The first thing we’ll need to do is understand how to model functions in the quantum circuit model. What makes the task slightly non-trivial is that, recall by Postulate 2 of quantum mechanics, all quantum operations must be unitary and hence reversible. In general, however, given the output \(f(x)\) of a function, it is not always possible to invert \(f\) to obtain the input \(x\). In other words, we have to compute \(f(x)\) in such a way as to guarantee that the computation can be undone. In the case of binary functions, this is achieved via the following setup:

Oracle

Here, \(U_f \in \mathcal{U} \left( \left( \mathbb{C}^2\right)^{ \otimes 2} \right)\) is a unitary operator mapping \( \left|x\right\rangle \left|y\right\rangle \mapsto \left|x\right\rangle \left|x \oplus y\right\rangle \) for any \(x, y \in \{0, 1\}\) (i.e. \( \left|x\right\rangle \), \( \left|y\right\rangle \) denote standard basis states), and where \( \oplus \) denotes XOR or addition modulo 2. Note that by linearity, once we define the action of \(U_f\) on standard basis states, we immediately know how it acts on any input state \( \left|\psi\right\rangle \in \left( \mathbb{C}^2 \right)^{ \otimes 2} \). Observe now that \(U_f\) is reversible — this is because running \(U_f\) again on its output, \(\left|x\right\rangle \left|y \oplus f(x)\right\rangle\), yields state \(\left|x\right\rangle \left|y \oplus f(x)\oplus f(x)\right\rangle= \left|x\right\rangle \left|y\right\rangle \), since \(f(x) \oplus f(x)=0\) (adding the same bit twice and dividing by 2 leaves remainder zero). Second, note that we have not specified the inner workings of \(U_f\) (i.e. we have not given a circuit implementing the functionality stated above); in this course, we shall treat \(U_f\) as a “black box” or “oracle” which we presume we can run, but cannot “look inside” to see its implementation details.

The phase kickback trick

To explain the trick, consider for any \(x \in \{0, 1\}\) what happens if we run \(U_f\) on input \( \left|x\right\rangle \left|-\right\rangle \):

\[ \left|\psi\right\rangle =U_f \left|x\right\rangle \left|-\right\rangle = \frac{1}{\sqrt{2}} \left(U_f \left|x\right\rangle \left|0\right\rangle -U_f \left|x\right\rangle \left|1\right\rangle \right)= \frac{1}{\sqrt{2}} \left( \left|x\right\rangle \left|f(x)\right\rangle-\left|x\right\rangle \left|1 \oplus f(x)\right\rangle \right)= \left|x\right\rangle \otimes \frac{1}{\sqrt{2}} \left( \left|f(x)\right\rangle-\left|1 \oplus f(x)\right\rangle \right) \]

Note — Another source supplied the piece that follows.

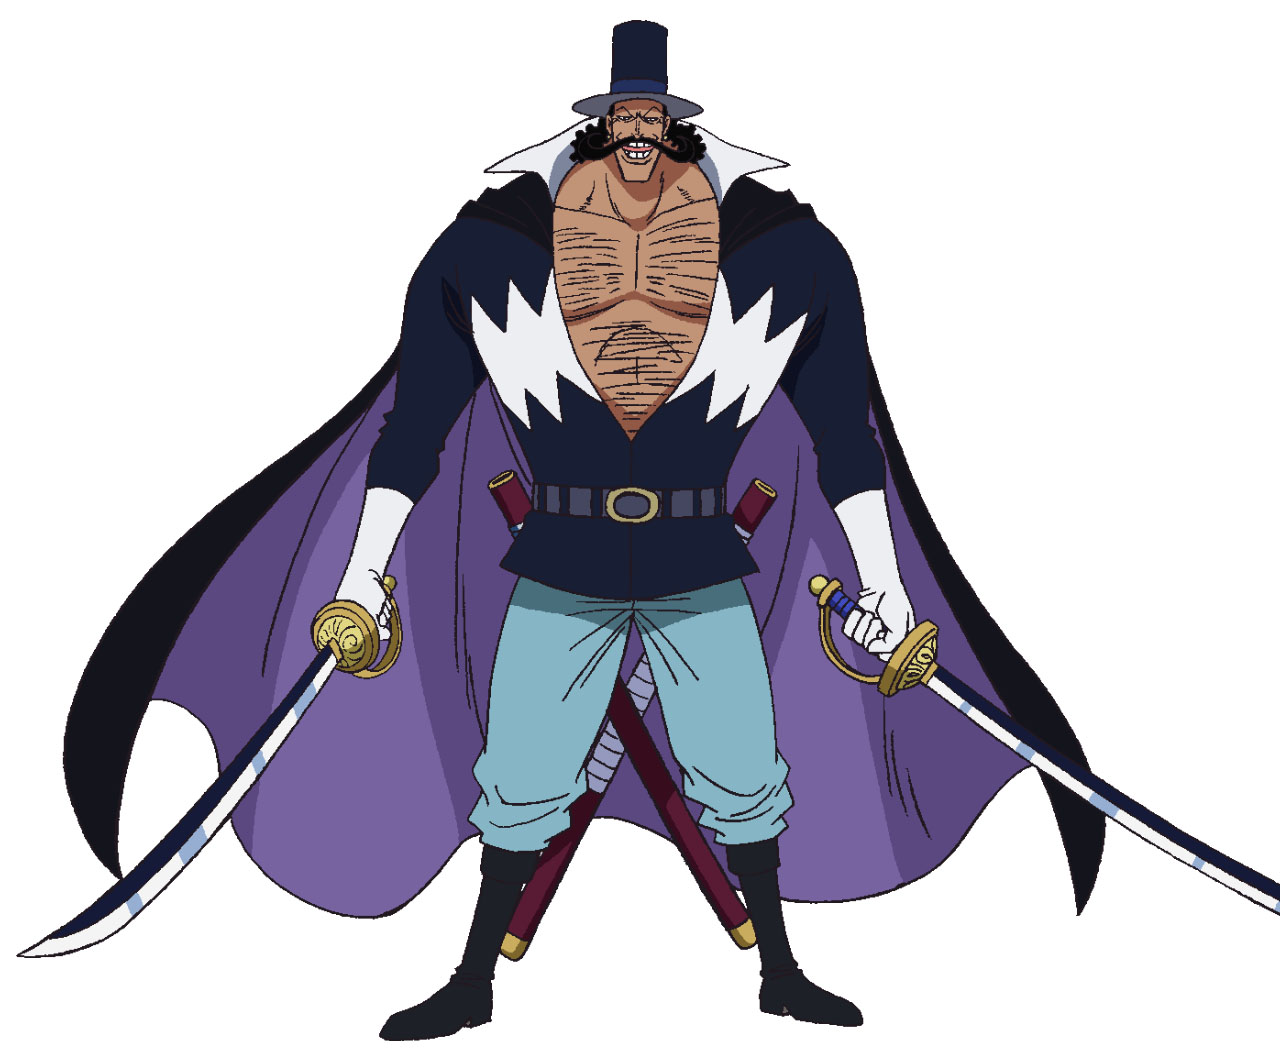 【ワンピース】ビスタは白ひげ海賊団・5番隊隊長!年齢や強さや能力は?
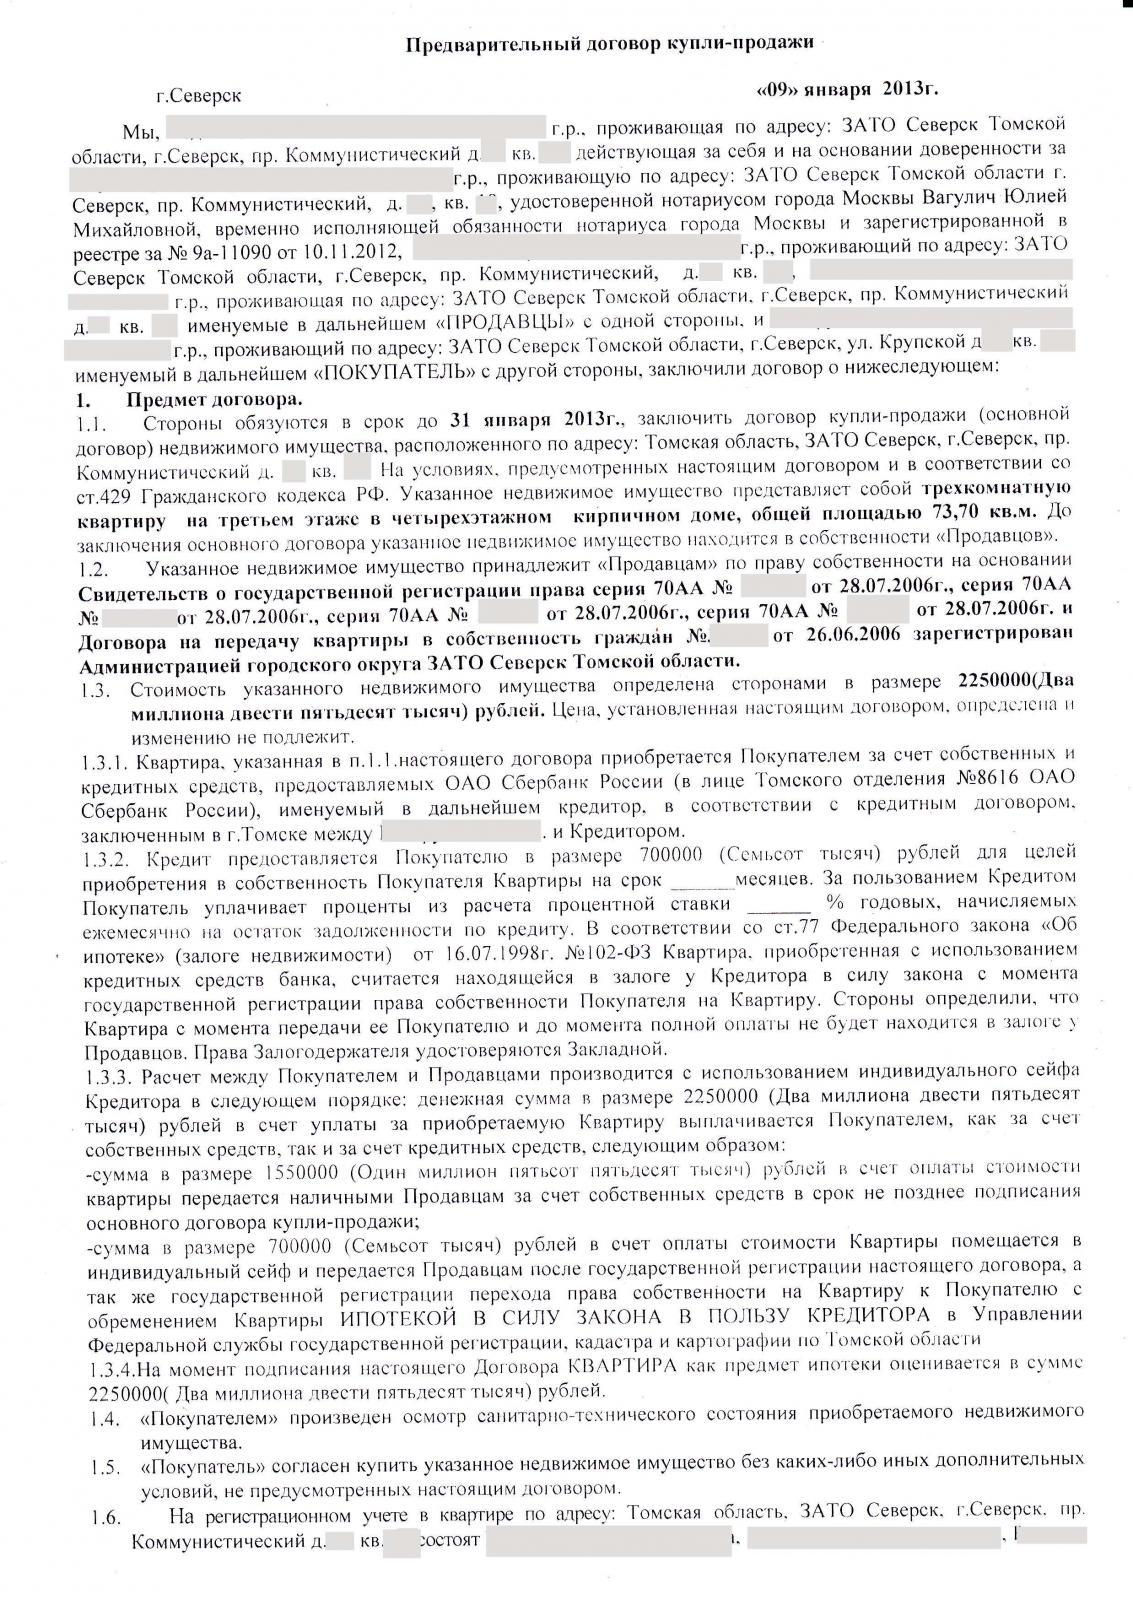 КОНСТИТУЦИОННЫЙ СУД РОССИЙСКОЙ

Now, there are two possibilities: Either \(f(x) = 0\), or \(f(x) = 1\). If \(f (x) = 0\), the equation above simplifies to

\[ \left|\psi\right\rangle =\left|x\right\rangle \otimes \frac{1}{\sqrt{2}} \left( \left|0\right\rangle-\left|1 \right\rangle \right)= \left|x\right\rangle \left|-\right\rangle \]

i.e. the input state is unchanged by the action of \(U_f\) . If, on the other hand, \(f (x) = 1\), we instead have

\[ \left|\psi\right\rangle =\left|x\right\rangle \otimes \frac{1}{\sqrt{2}} \left( \left|1\right\rangle-\left|0 \right\rangle \right)= -\left|x\right\rangle \left|-\right\rangle \]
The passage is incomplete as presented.